Aberrant or constitutive activation of nuclear factor kappa B (NF-κB) contributes to various human inflammatory diseases and malignancies via the upregulation of genes involved in cell proliferation, survival, angiogenesis, inflammation, and metastasis. Thus, inhibition of NF-κB signaling has potential for therapeutic applications in cancer and inflammatory diseases. We reported previously that Nei-like DNA glycosylase 2 (NEIL2), a mammalian DNA glycosylase, is involved in the preferential repair of oxidized DNA bases from the transcriptionally active sequences via the transcription-coupled base excision repair pathway. We have further shown that Neil2-null mice are highly sensitive to tumor necrosis factor α (TNFα)- and lipopolysaccharide-induced inflammation. Both TNFα and lipopolysaccharide are potent activators of NF-κB. However, the underlying mechanism of NEIL2's role in the NF-κB–mediated inflammation remains elusive. Here, we have documented a noncanonical function of NEIL2 and demonstrated that the expression of genes, such as Cxcl1, Cxcl2, Cxcl10, Il6, and Tnfα, involved in inflammation and immune cell migration was significantly higher in both mock- and TNFα-treated Neil2-null mice compared with that in the WT mice. NEIL2 blocks NF-κB's binding to target gene promoters by directly interacting with the Rel homology region of RelA and represses proinflammatory gene expression as determined by co-immunoprecipitation, chromatin immunoprecipitation, and electrophoretic mobility-shift assays. Remarkably, intrapulmonary administration of purified NEIL2 via a noninvasive nasal route significantly abrogated binding of NF-κB to cognate DNA, leading to decreased expression of proinflammatory genes and neutrophil recruitment in Neil2-null as well as WT mouse lungs. Our findings thus highlight the potential of NEIL2 as a biologic for inflammation-associated human diseases.

Highlights

  • The canonical nuclear factor kappa B (NF-κB) activation pathway, primarily in response to proinflammatory cytokines such as tumor necrosis factor α (TNFα), regulates the expression of various genes, including cytokines, chemokines, and cell adhesion molecules [21, 22]
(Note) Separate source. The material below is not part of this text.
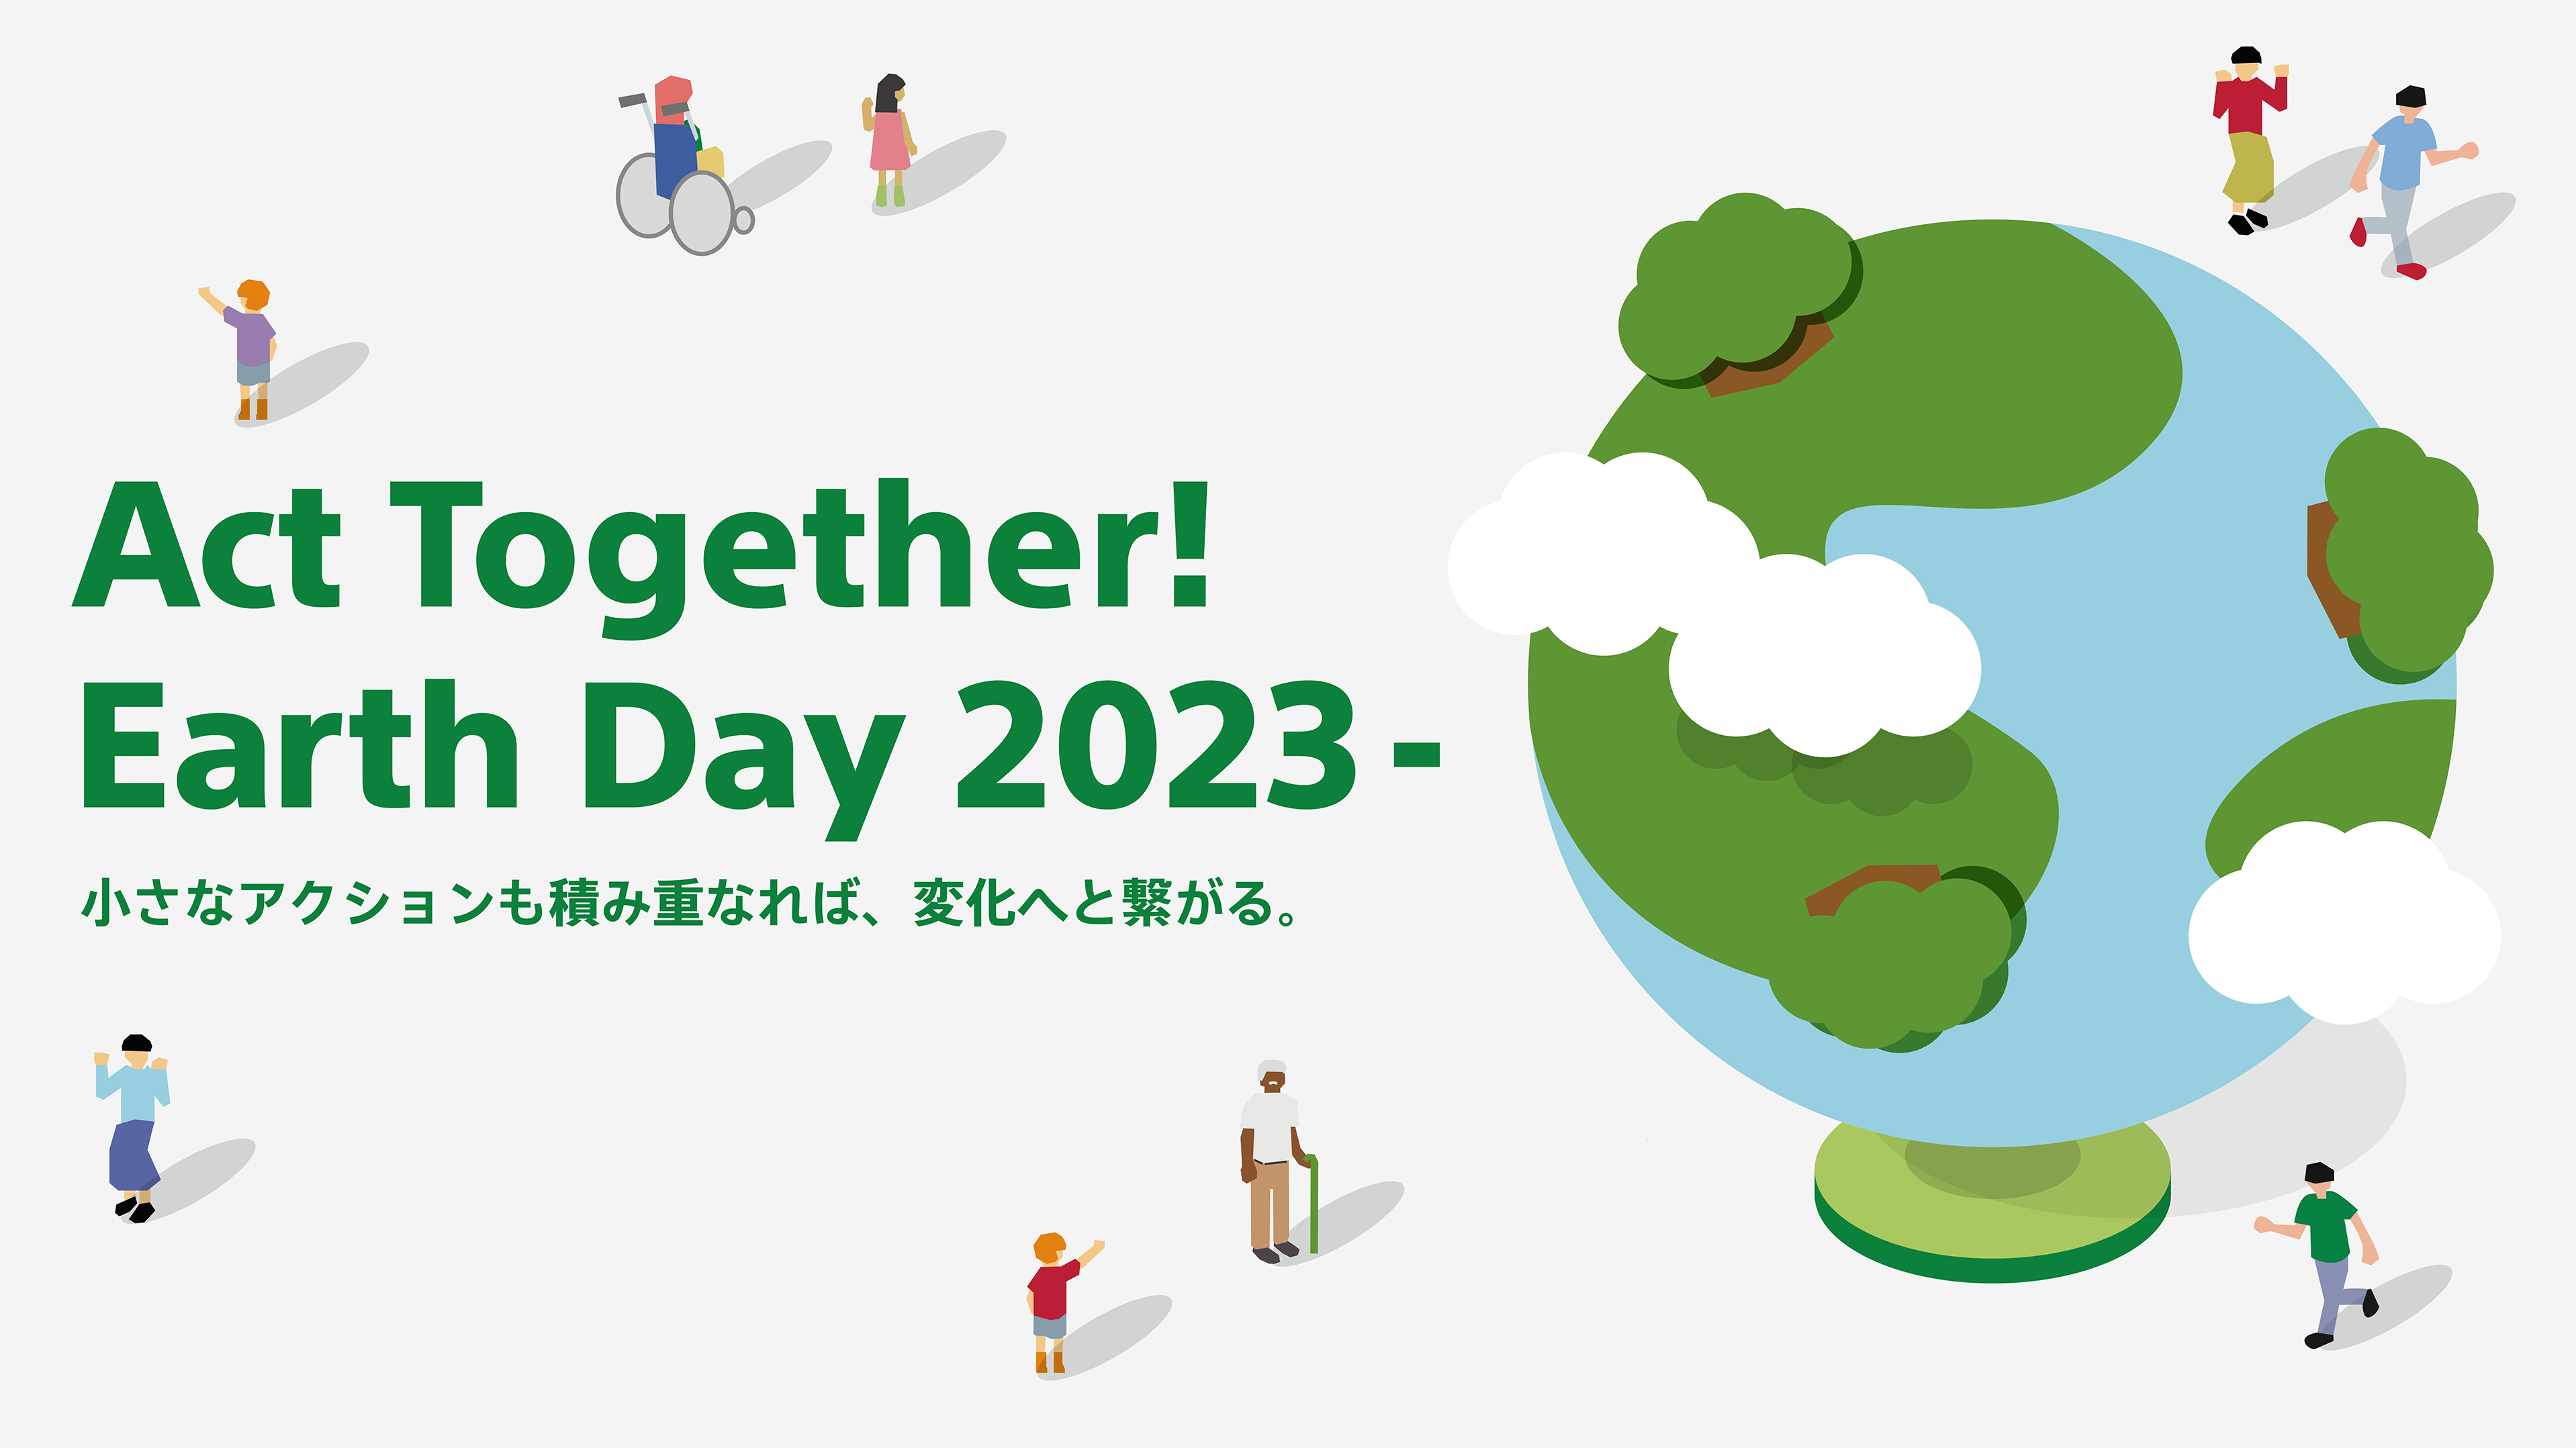 地球とさまざまな人のイラストが描かれている。「Act Together! Earth Day 2023- 小さなアクションも積み重なれば、変化へと繋がる。」と文字が書いてある。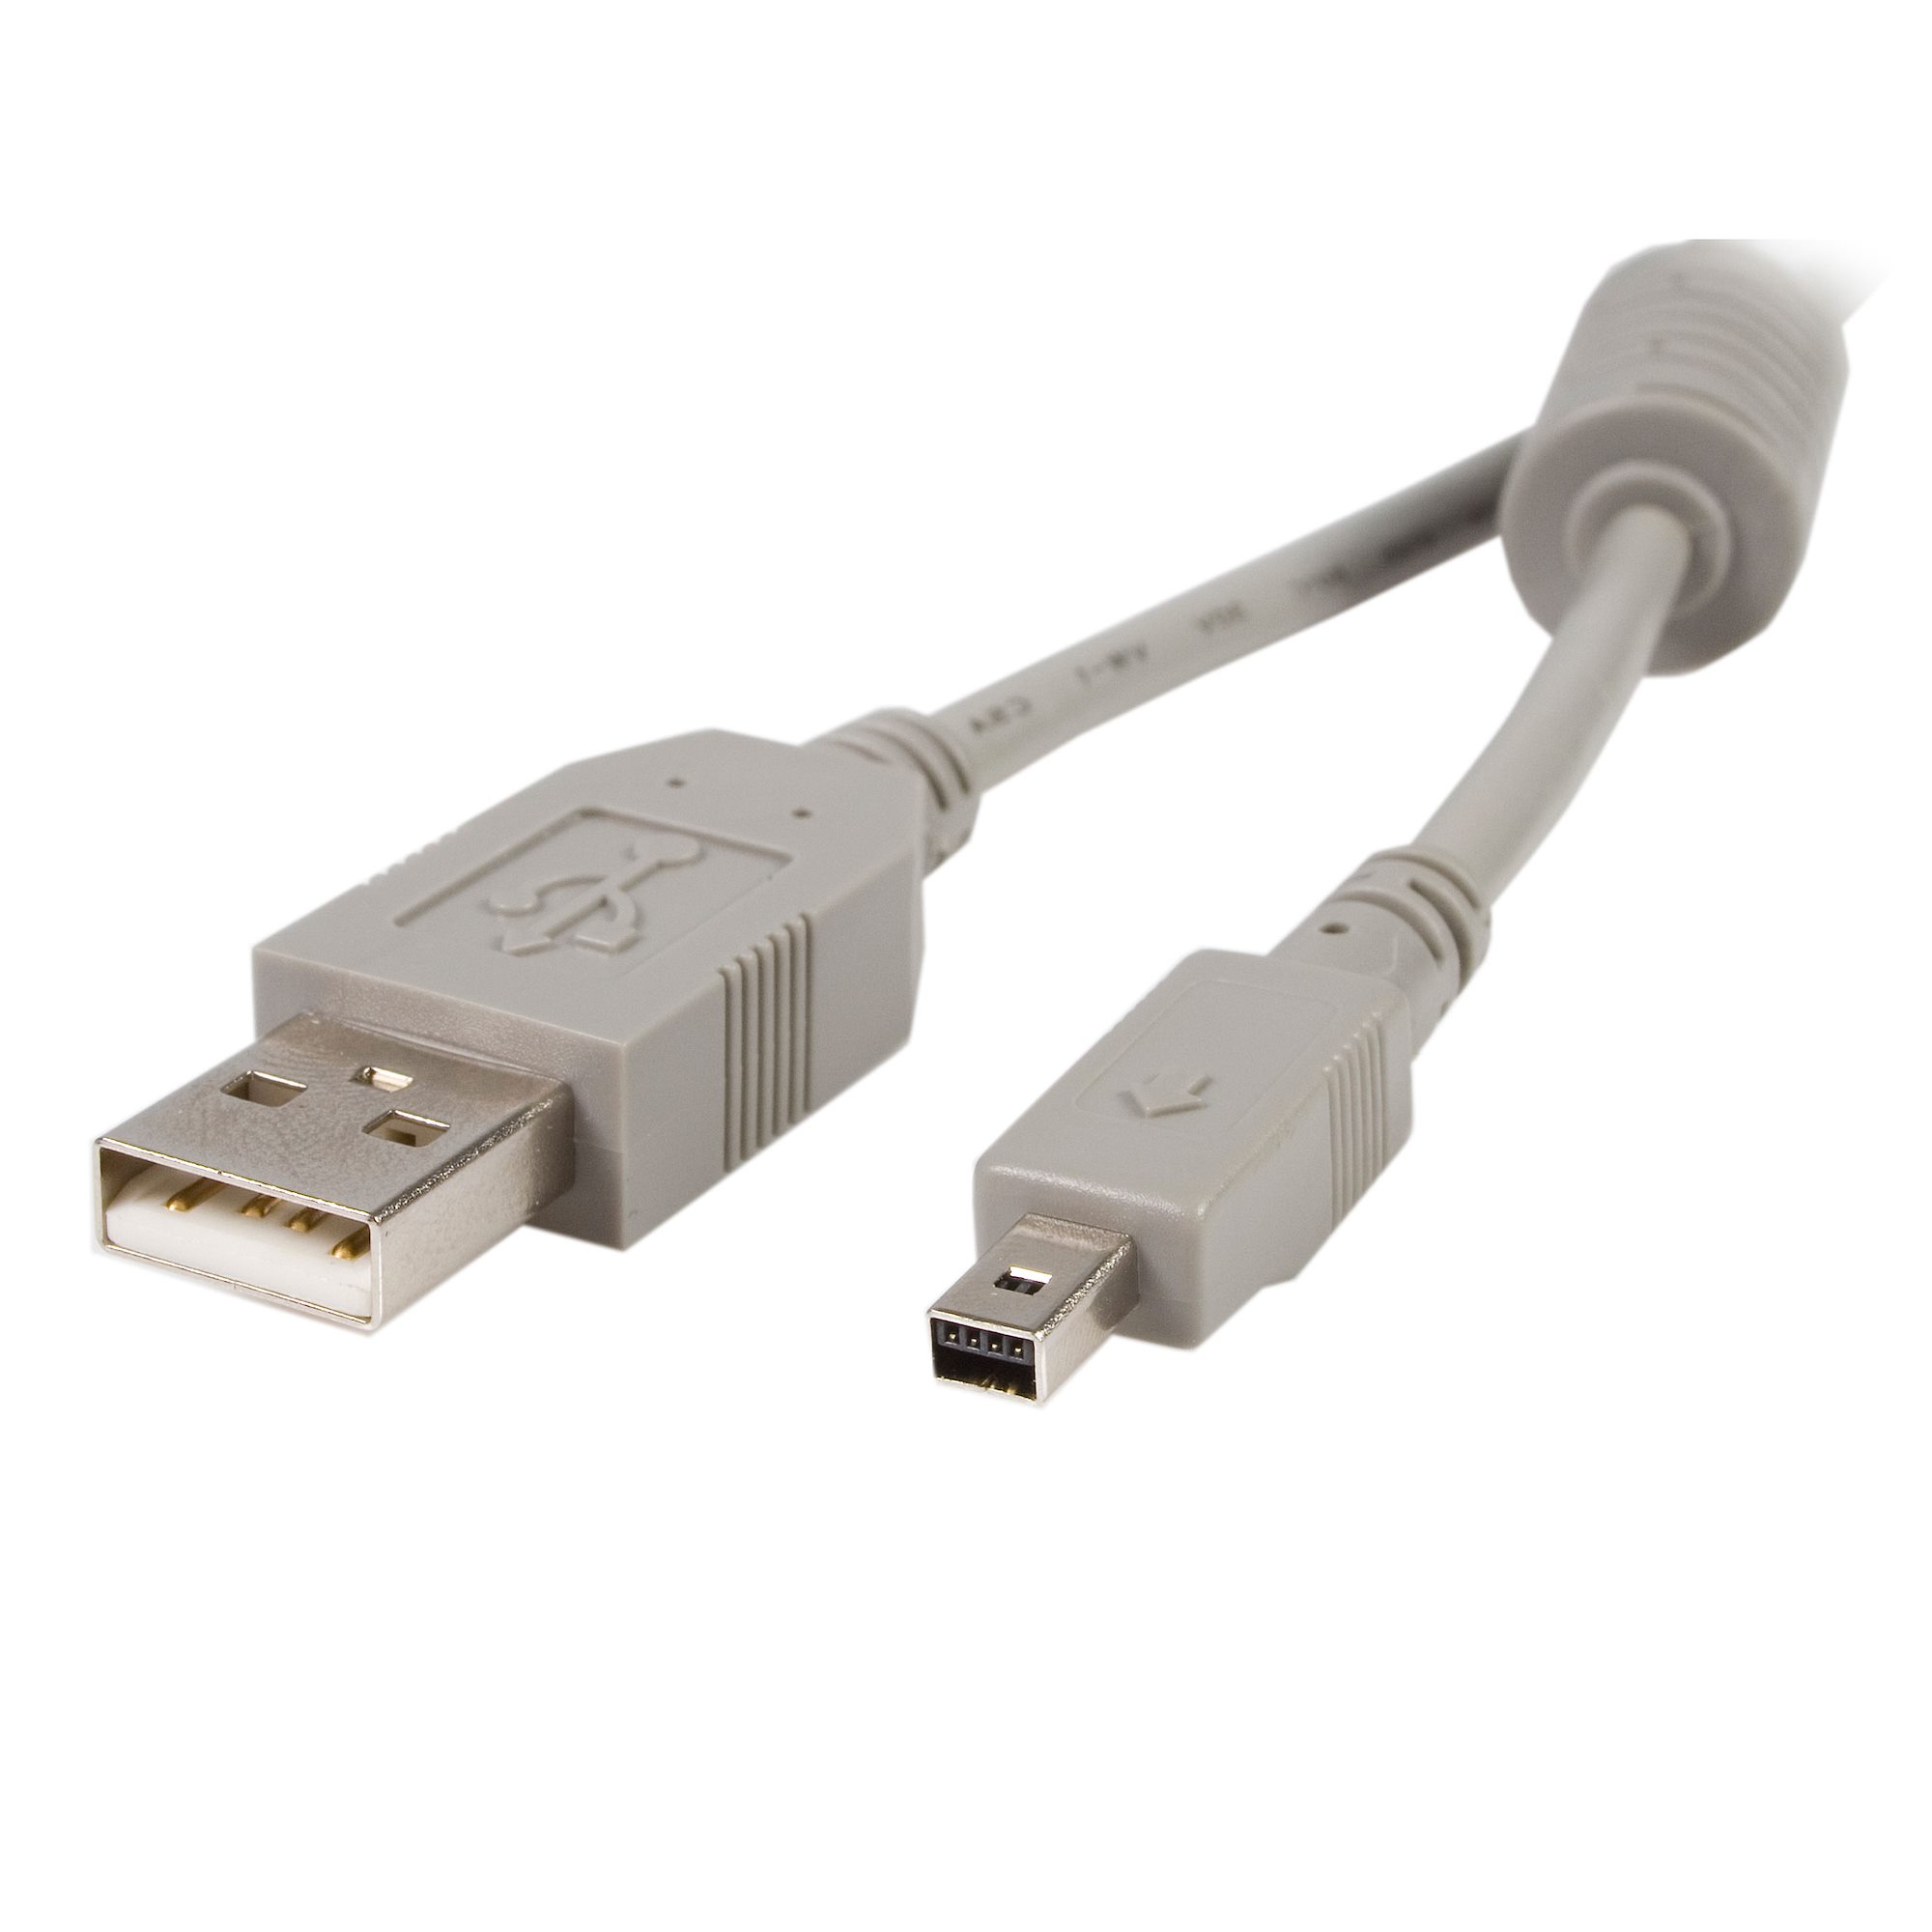 Vijftig eetlust deksel 3ft USB Cable for Fuji Digital Camera - Mini USB Cables & Adapters |  StarTech.com

  • In an effort to understand the role of Nei-like DNA glycosylase 2 (NEIL2) in modulating inflammatory gene expression, we induced systemic inflammation in Neil2-null (Neil2−/−) and WT (Neil2+/+) mice via intraperitoneal administration of a single dose of TNFα or phosphate buffered saline (PBS) as mock and conducted a multiplex Real-Time qPCR (RT-qPCR) analysis of 79 inflammation-associated genes (Fig. 1A)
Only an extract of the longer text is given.